- Sternberg distingue l'intelligence analytique (analyser, comparer, évaluer), l'intelligence créative (inventer, imaginer, gérer la nouveauté) et l'intelligence pratique (s'adapter au quotidien et au monde réel).
- L'intelligence pratique est la capacité à résoudre les problèmes concrets de la vie réelle, souvent grâce à un savoir tacite qui ne s'apprend pas explicitement à l'école.
- Dans ses travaux ultérieurs, Sternberg parle d'intelligence réussie : la capacité à atteindre ses objectifs de vie, dans son contexte culturel, en combinant les forces analytiques, créatives et pratiques tout en compensant ses faiblesses.
- La théorie est saluée pour élargir la définition de l'intelligence au-delà de l'analytique et pour son ambition appliquée.
Quelles sont les trois intelligences de la théorie triarchique ?
Sternberg distingue l'intelligence analytique (analyser, comparer, évaluer), l'intelligence créative (inventer, imaginer, gérer la nouveauté) et l'intelligence pratique (s'adapter au quotidien et au monde réel). Les tests d'IQ traditionnels mesurent surtout la première.
Qu'est-ce que l'intelligence pratique ?
L'intelligence pratique est la capacité à résoudre les problèmes concrets de la vie réelle, souvent grâce à un savoir tacite qui ne s'apprend pas explicitement à l'école. Sternberg la relie à la notion de bon sens ou de débrouillardise, distincte de la performance aux tests.
Qu'appelle-t-on intelligence réussie ?
Dans ses travaux ultérieurs, Sternberg parle d'intelligence réussie : la capacité à atteindre ses objectifs de vie, dans son contexte culturel, en combinant les forces analytiques, créatives et pratiques tout en compensant ses faiblesses. L'accent porte sur l'usage adaptatif des aptitudes plus que sur un score isolé.

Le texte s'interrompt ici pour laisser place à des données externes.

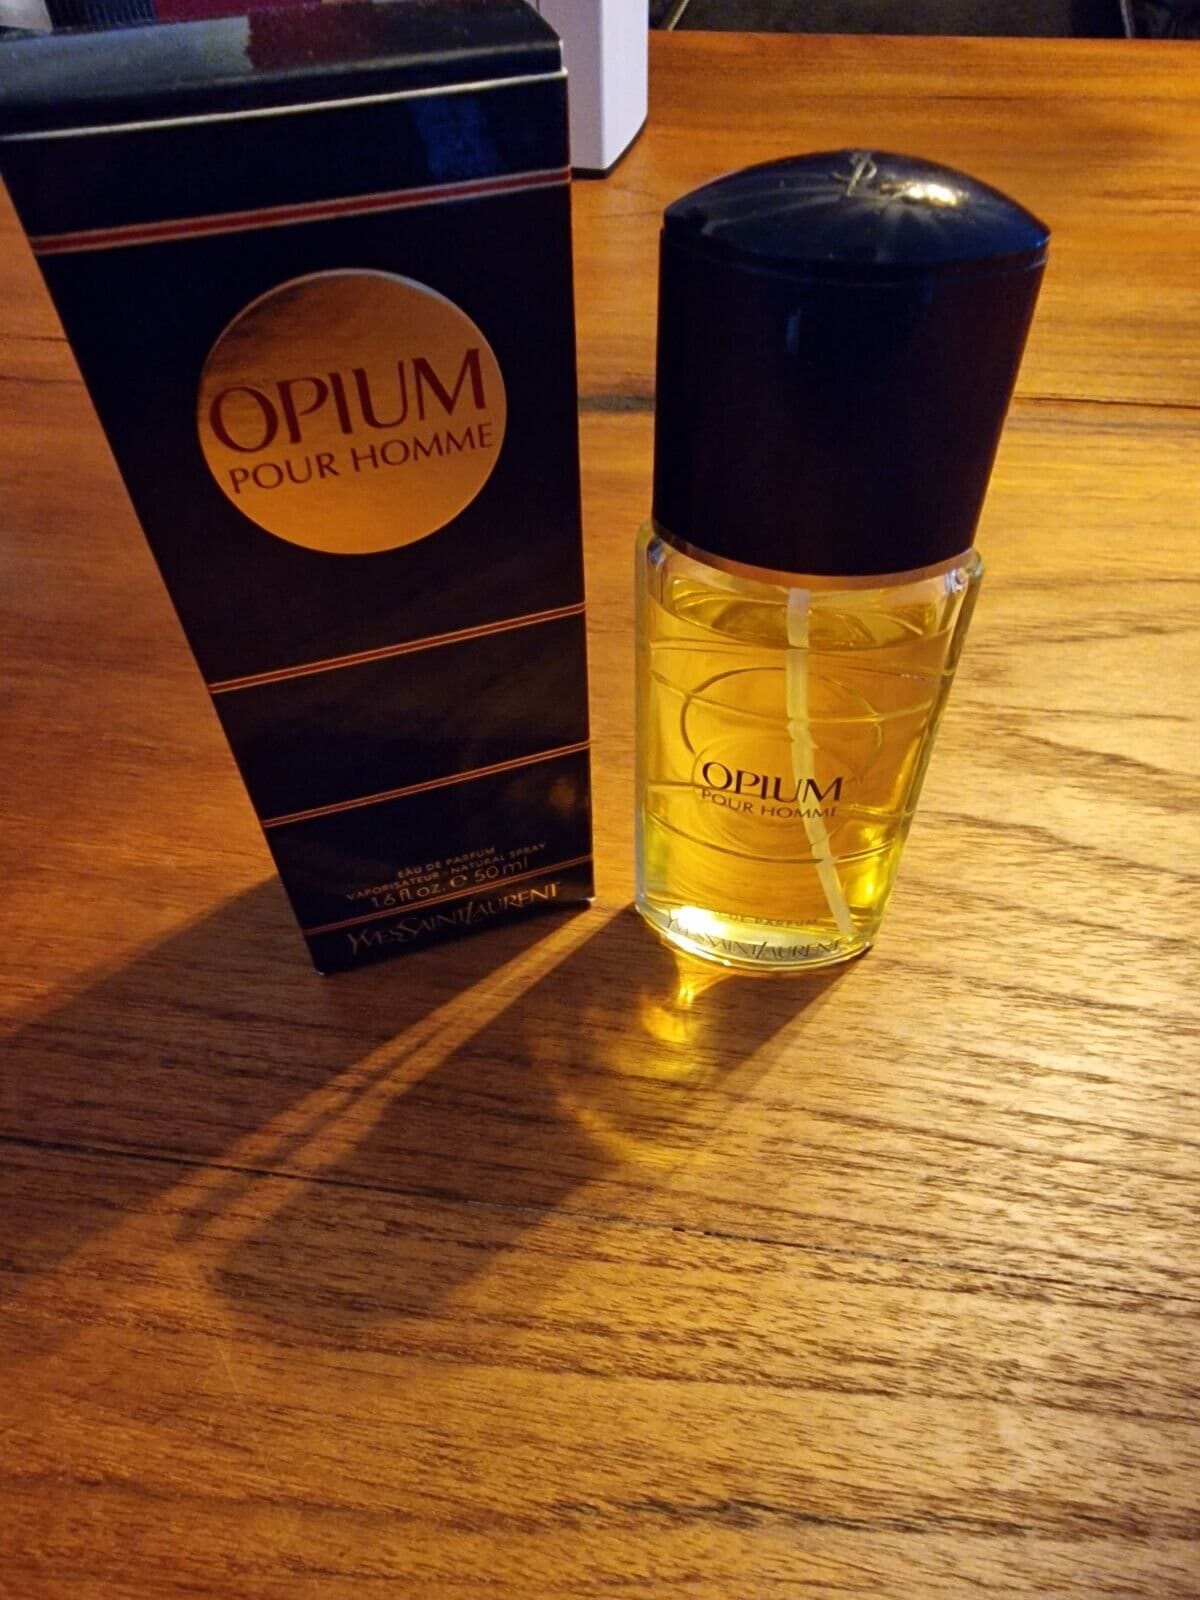 Ysl Opium Für Homme Eau De Parfum - 50 Ml Rarität, Vintage Sehr Schwer Zu Finden Vapo Fast Voll von miniperfumes

Comment la théorie est-elle évaluée ?
La théorie est saluée pour élargir la définition de l'intelligence au-delà de l'analytique et pour son ambition appliquée. Les critiques notent toutefois que les composantes créative et pratique restent plus difficiles à mesurer de façon fiable, et qu'elles corrèlent en partie avec les mesures classiques de g.